Nature is having its say in the abandoned surroundings of Japan's failed Fukushima nuclear plant, reclaiming the area in a spectacular display of its power.
Seven summers have passed since a tsunami created by a powerful earthquake crashed into the Japanese coast in March 2011, damaging the Fukushima Daiichi nuclear power plant and causing a nuclear meltdown, hydrogen-air explosions and a leak of radioactive material.
Fukushima and its environs faced a nuclear catastrophe, prompting then prime minister Naoto Kan to order the immediate evacuation of those who lived within 12 miles of the plant, later expanding the order to those living within 18 miles of Daiichi. Almost 100,000 people still cannot return home.
Access to what came to be known as the Fukushima Exclusion Zone is still strictly regulated, but one photographer working for the Japanese Asahi Shimbun newspaper visited the areas designated as "difficult-to-return zones" in July, shooting pictures with a drone and a helicopter. The stunning work was published this week.
Tetsuro Takehana, who lived in Fukushima for a decade as a child, returned to a place where time had both stood still and moved on. "It was as if time had stopped," he said, describing the scenes. "And yet the grass and trees continue to grow."
The parking lot of the Okuma outlet of Plant 4, a large shopping mall that used to be packed with visitors, is slowly being taken over by weeds creeping through the cracking asphalt surface.
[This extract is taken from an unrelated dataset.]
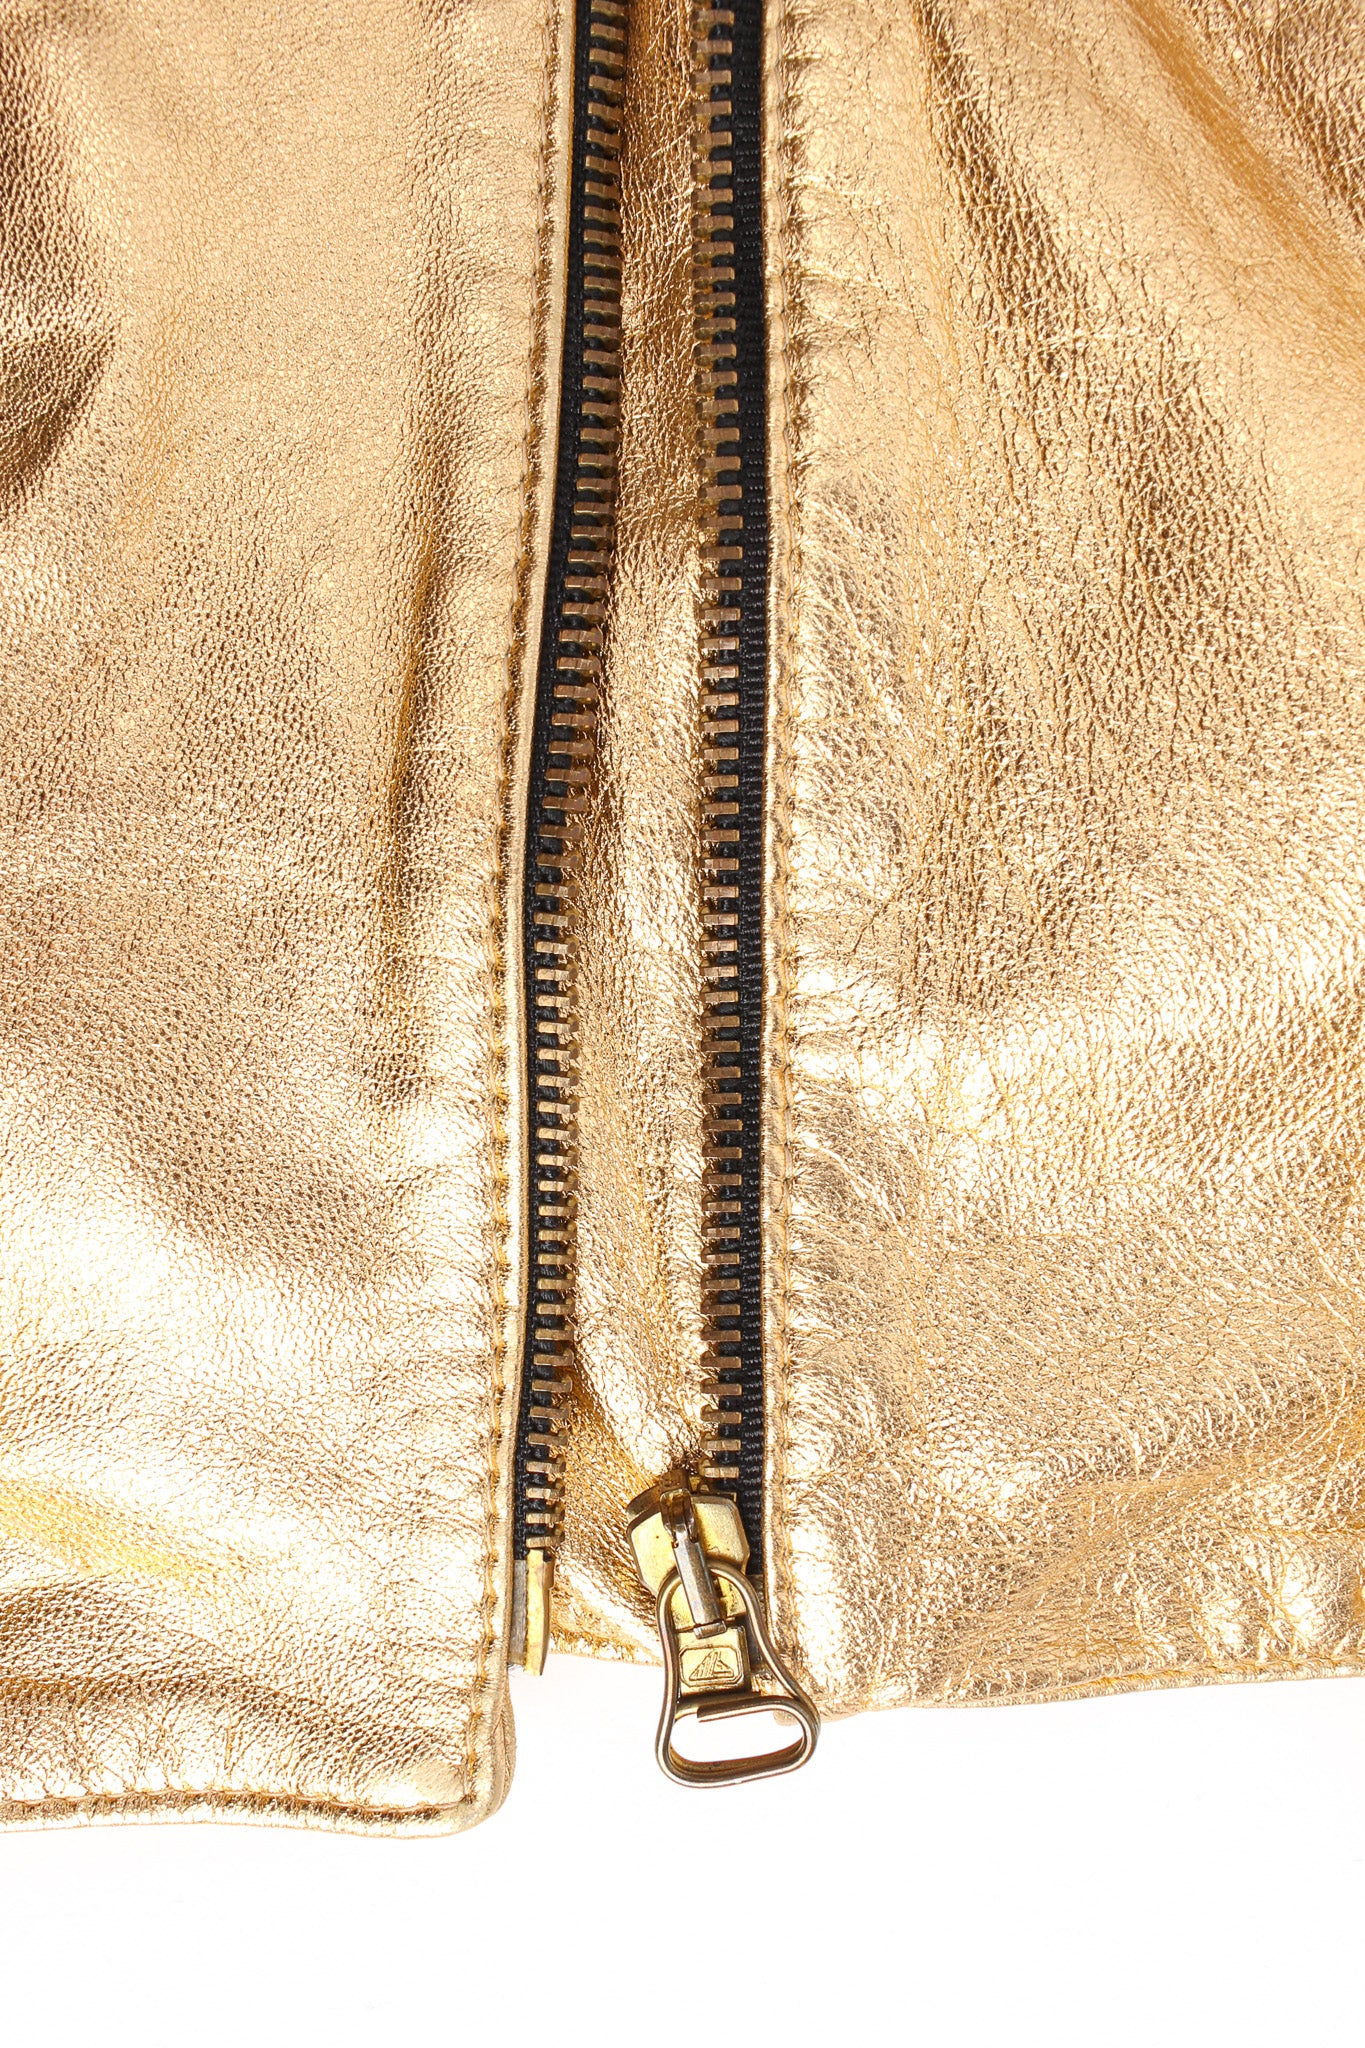 Vintage Begedor Metallic Leather Jacket main zipper @ Recess LA

At the playground of an elementary school, only football goalposts can still be spotted among the grass reaching to the height of an adult's waist.
Elsewhere in the Fukushima Prefecture, in Futaba, one abandoned car is seemingly sinking in a field of thick, brightly green grass. Also in Futaba, rampant weeds have reached the second floor of deserted houses.
Not even the buildings owned by Tokyo Electric Power Company (TEPCO), the Daiichi nuclear plant operator, used to house company employees were left untouched, with weeds growing through to the second floor and engulfing the cars still parked nearby.
"In the day after humans disappear, nature takes over and immediately begins cleaning house—our houses," wrote journalist Alan Weisman in his 2007 best-selling book The World Without Us, which imagines a world in which humans no longer exist, adding "Change is the hallmark of nature. Nothing remains the same." Not even nuclear wastelands.